Here’s an updated chart of Twitter which closed at the high of the week last week and made a new 52-week high.
Just to recap what has happened with this stock:
- It broke out of a Stage 1 base back in October of 2017.
- Then it really surged higher in late January 2018 and drew huge institutional-type volume after an earnings report.
- Then in late March and early April we had a mini-panic in social media stocks but notice how Twitter stayed above its 30-week moving average during that downturn. This is important because Stage Analysis allows a stock to have normal price fluctuations and pullbacks above the 30-week moving average, so there was no reason to sell back then based on Stage Analysis as the stock remained in a Stage 2 uptrend.
- Now the stock is breaking out again to new 52-week highs and notice how it is accelerating its outperformance of the S&P 500.
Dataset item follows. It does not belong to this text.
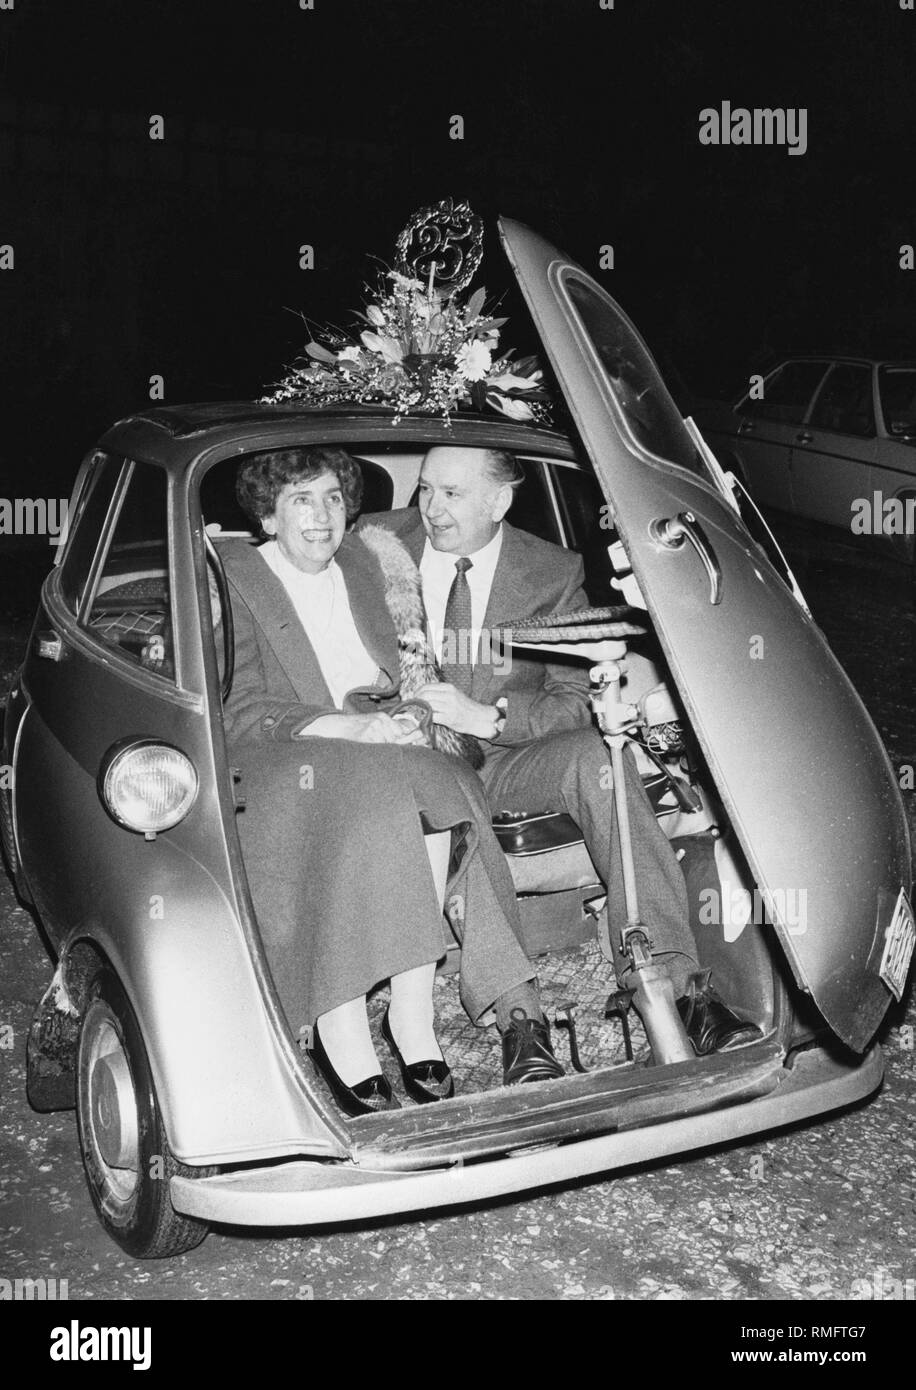 The couple Ingrid and Erich Schaefer in a BMW Isetta. The car was a gift from the staff of Erich Schaefer's company of electrical installers on the occasion of its the 25th anniversary. Stock Photo

Now the power of Stage Analysis is in the simplicity of the framework as far as staying in long term trades. What we’re looking for is the strongest stocks in the strongest sectors when the major indexes are in a bull market. Often times the strongest stocks will trend above the 30-week moving average for months to years and produce huge winning trades. One such example is Square which broke out of a Stage 1 base back in August 2016, and after a retest of the 30-week moving average in October 2017 has been in a Stage 2 bull market ever since. You can check out this stock at the Stage Analysis Screener and see that has been in Stage 2 for 89 weeks now!
Of course there is no way to predict whether Twitter will perform as well as Square, but all that is really important is whether it continues to rise above a rising 30-week moving average. If it keeps doing that for a year or longer it could be a big winner just like Square.
Disclosure: I am long shares of TWTR.